Князь Андрей Волконский. Партитура жизни | страница 20



Эмиграция была во всем мире, даже в Индонезии были русские эмигранты. Во Франции их было много – от полумиллиона до восьмисот тысяч. Были очень гостеприимные страны – Чехословакия, Югославия. В Латинской Америке много из второй эмиграции – люди, которые пошли за немцами. Они не обязательно были полицаями. Скажем, работала девушка в столовой в Ростове-на-Дону. Столовую немецкая армия реквизировала для офицеров вермахта. Что должна была делать эта девушка? Жить-то надо, и она продолжала работать в этой столовой. Потом она поняла, что если останется, то ей не поздоровится, и ушла с немцами. Таких случаев очень много. Люди боялись, что их расстреляют или посадят.

Эмигранты живут на Западе годами и до сих пор создают для себя гетто. Общаются только между собой и продолжают сидеть на кухне.

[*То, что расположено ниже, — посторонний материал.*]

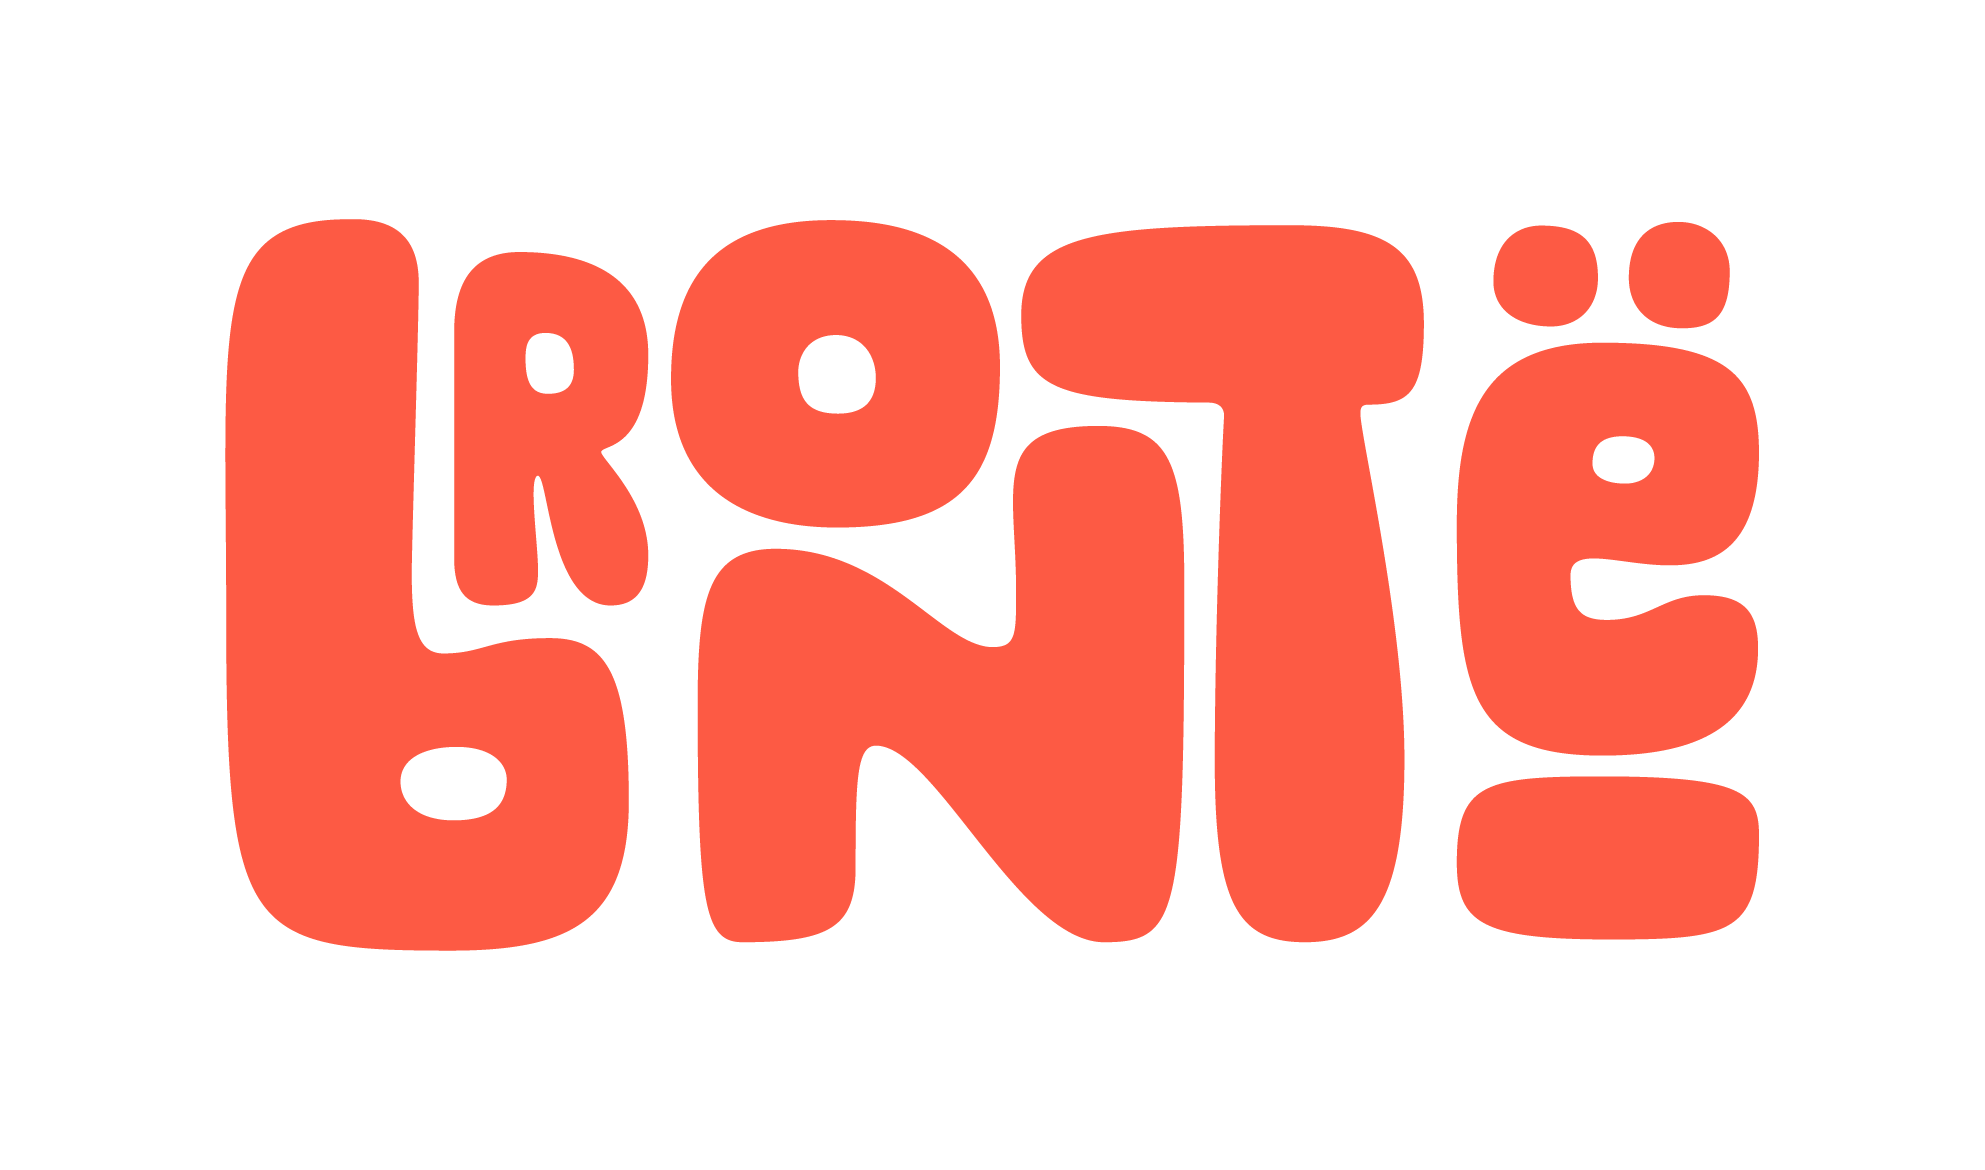 Bronte Logo 2.png

Когда ваши родители решили возвращаться, думали ли они, что им вернут их прошлые привилегии, или знали, что едут в совсем другую страну?

Они знали, что едут в Советский Союз, а не в Россию. Понимали. Отца это даже привлекало. У него были прогрессивные взгляды – то, что тогда считалось прогрессивными взглядами, – и какие-то идеи. У отца было больше идеологических мотивов, чем у матушки, у которой просто была ностальгия: она не могла жить здесь, ей все было противно.

Ваши родители надеялись, что быстро найдут работу? Им что-то обещали?

Им все обещали. Говорили: «Такие люди, как вы, нам очень нужны. Вы сможете жить где захотите». У моего отца там оставалась двоюродная сестра, они переписывались, но она боялась в письмах что-то говорить. Были всякие хитрости. Например, кто-то написал своим заграничным родственникам, которые собирались вернуться: «Мы вас ждем с нетерпением после свадьбы Машеньки». А Маше тогда было только три месяца. Таким образом намекали на ситуацию, и люди понимали, что ехать никуда нельзя. Но моя тетя Лизетт никак не давала нам понять – видимо, боялась или не догадывалась.

Бывали и другие случаи. Люди уезжали группами, по группе раз в несколько месяцев. Уезжающие договаривались с остающимися о коде: скажем, о какой-то невинной фразе, которая должна была что-то означать. Так люди иногда узнавали правду. Но до моих родителей такие сведения не дошли. Мы уезжали одними из первых, после нас еще многие уезжали. В любом случае, мои родители были настолько восторженно настроены, что им бы и в голову не пришло кого-то просить делиться впечатлениями. Когда им намекали на трудности, они говорили: «Это все неправда».